Quoting directly from the manual provides a comprehensive explanation:

> Each policy routing rule consists of a selector and an action predicate.  The RPDB is scanned in order of decreasing priority (note that a lower number means
higher priority, see the description of PREFERENCE below). The selector of each rule is applied to {source address, destination address, incoming interface,
tos, fwmark} and, if the selector matches the packet, the action is performed. The action predicate may return with success.  In this case, it will either give
a route or failure indication and the RPDB lookup is terminated. Otherwise, the RPDB program continues with the next rule.
>
> Semantically, the natural action is to select the nexthop and the output device.
>
> At startup time the kernel configures the default RPDB consisting of three rules:
>
> 1. Priority: 0, Selector: match anything, Action: lookup routing table local (ID 255).  The local table is a special routing table containing high priority
> control routes for local and broadcast addresses.
> 2. Priority:  32766,  Selector: match anything, Action: lookup routing table main (ID 254).  The main table is the normal routing table containing all non-
>  policy routes. This rule may be deleted and/or overridden with other ones by the administrator.
> 3. Priority: 32767, Selector: match anything, Action: lookup routing table default (ID 253).  The default table is empty.
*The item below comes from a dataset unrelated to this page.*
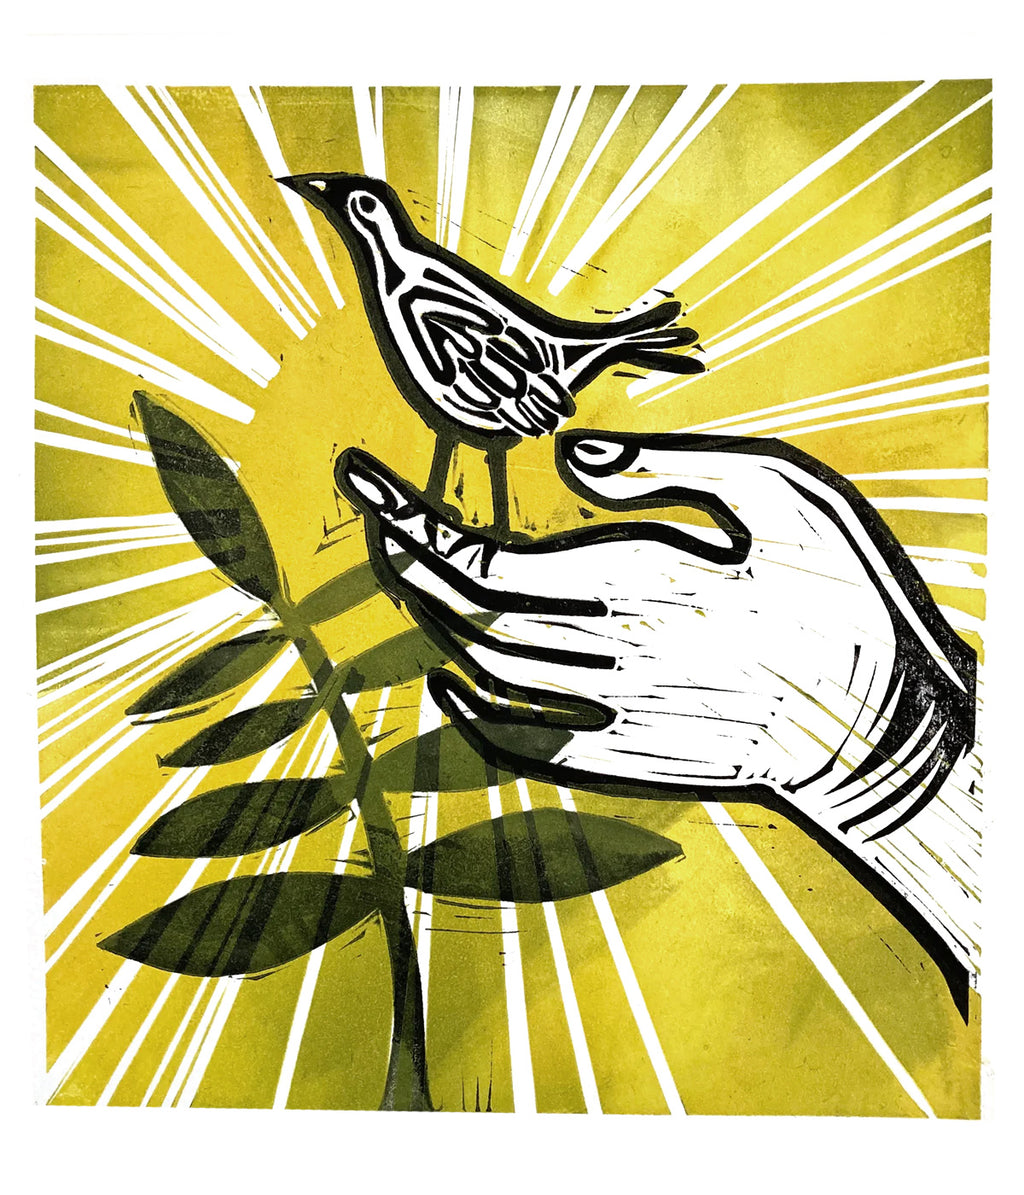 Hand and Bird, linocut print by Sarah Kirby
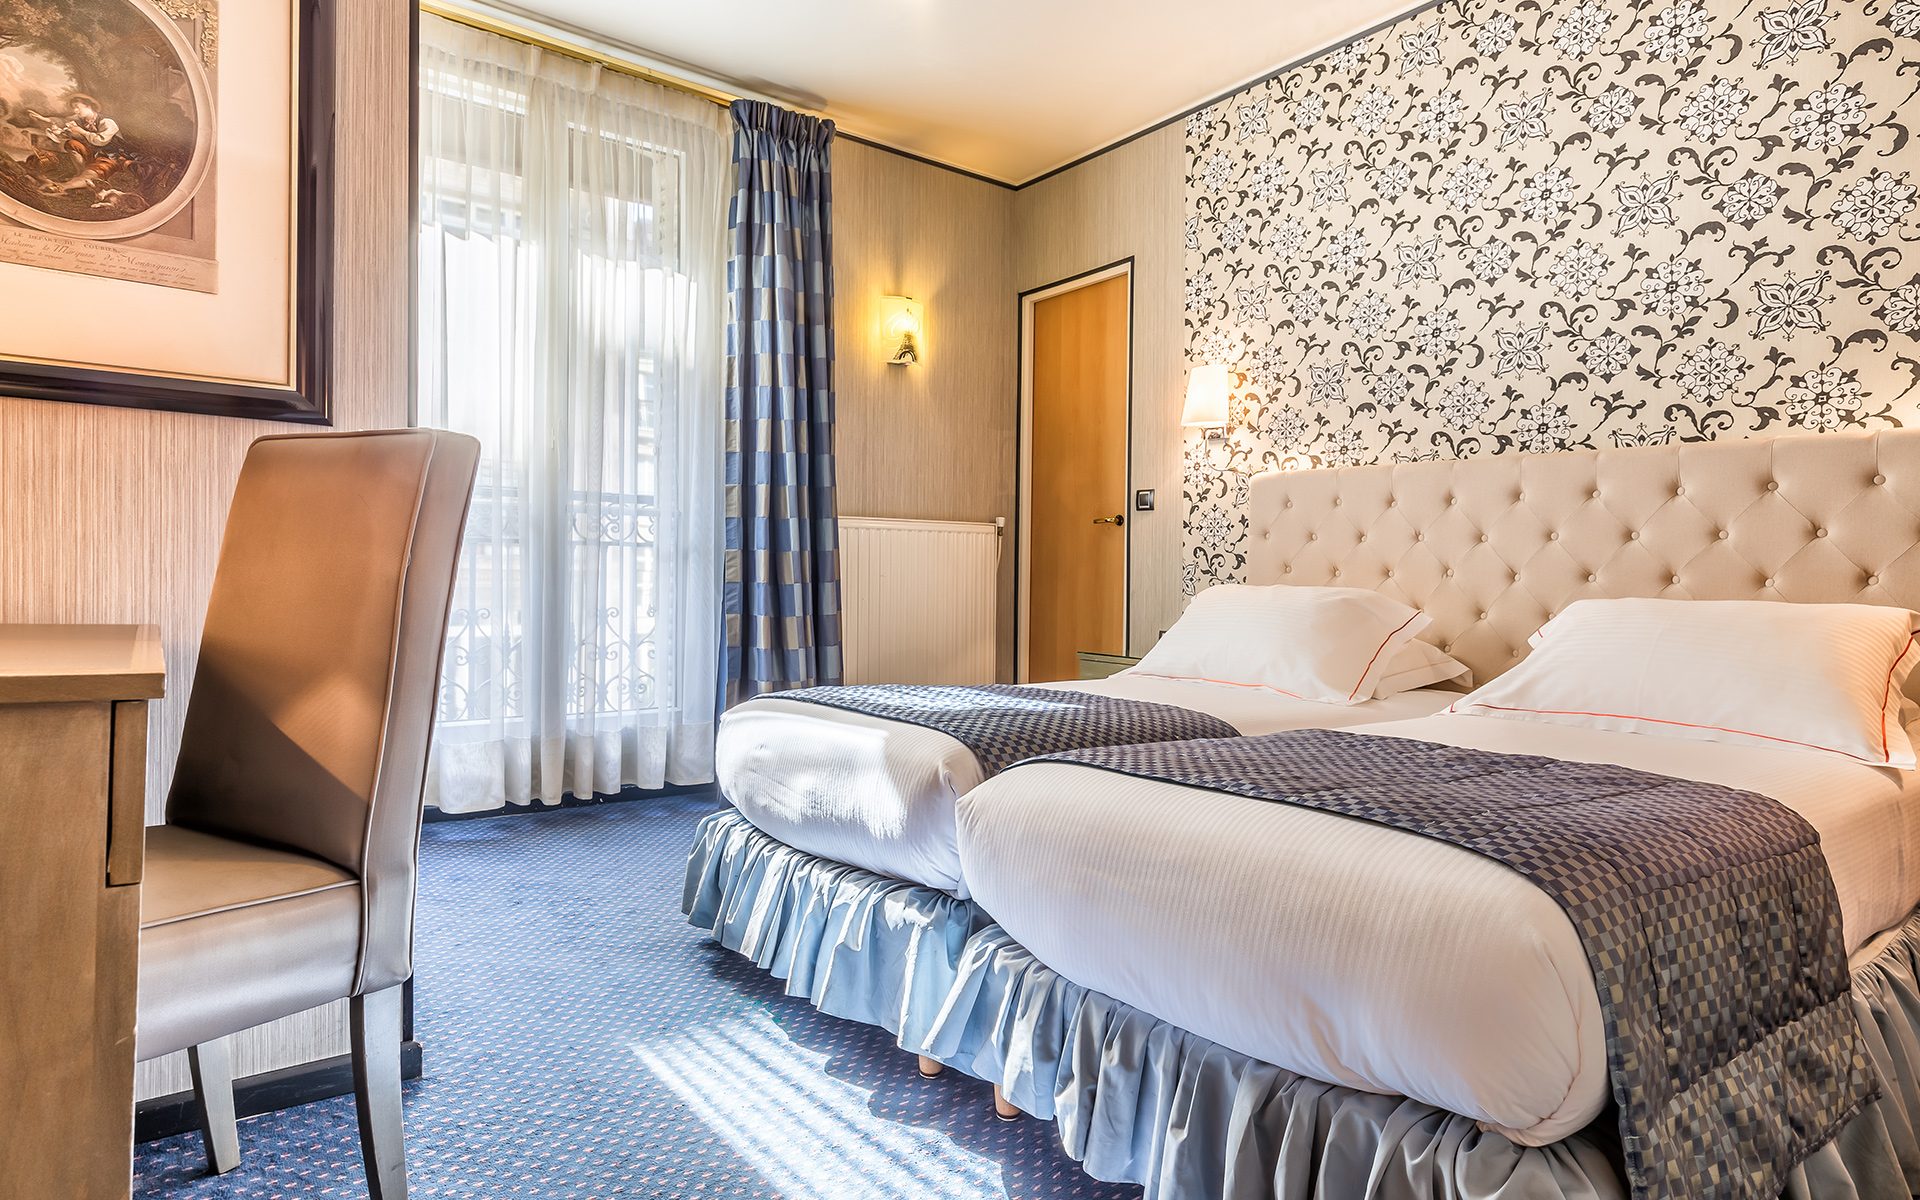 Hotel-Regence_Chambre302-5504-HDR-min

It is reserved for some post-pro‐
 cessing if no previous default rules selected the packet.  This rule may also be deleted.
>
> \- ip-rule(8)

If you've been following along, you now understand that when a socket binds or connects to an address, the kernel
selects an appropriate route by querying the routing tables. This query is guided by the rules specified in the
routing policy database (RPDB). When a table contains multiple routes, the longest prefix match algorithm is used
to determine the most specific route, and that is the one selected.

_Note:_ Policy routing can be bypassed using the `SO_BINDTODEVICE` option. This allows you to bind a socket directly
to a specific device, effectively sidestepping the standard routing process.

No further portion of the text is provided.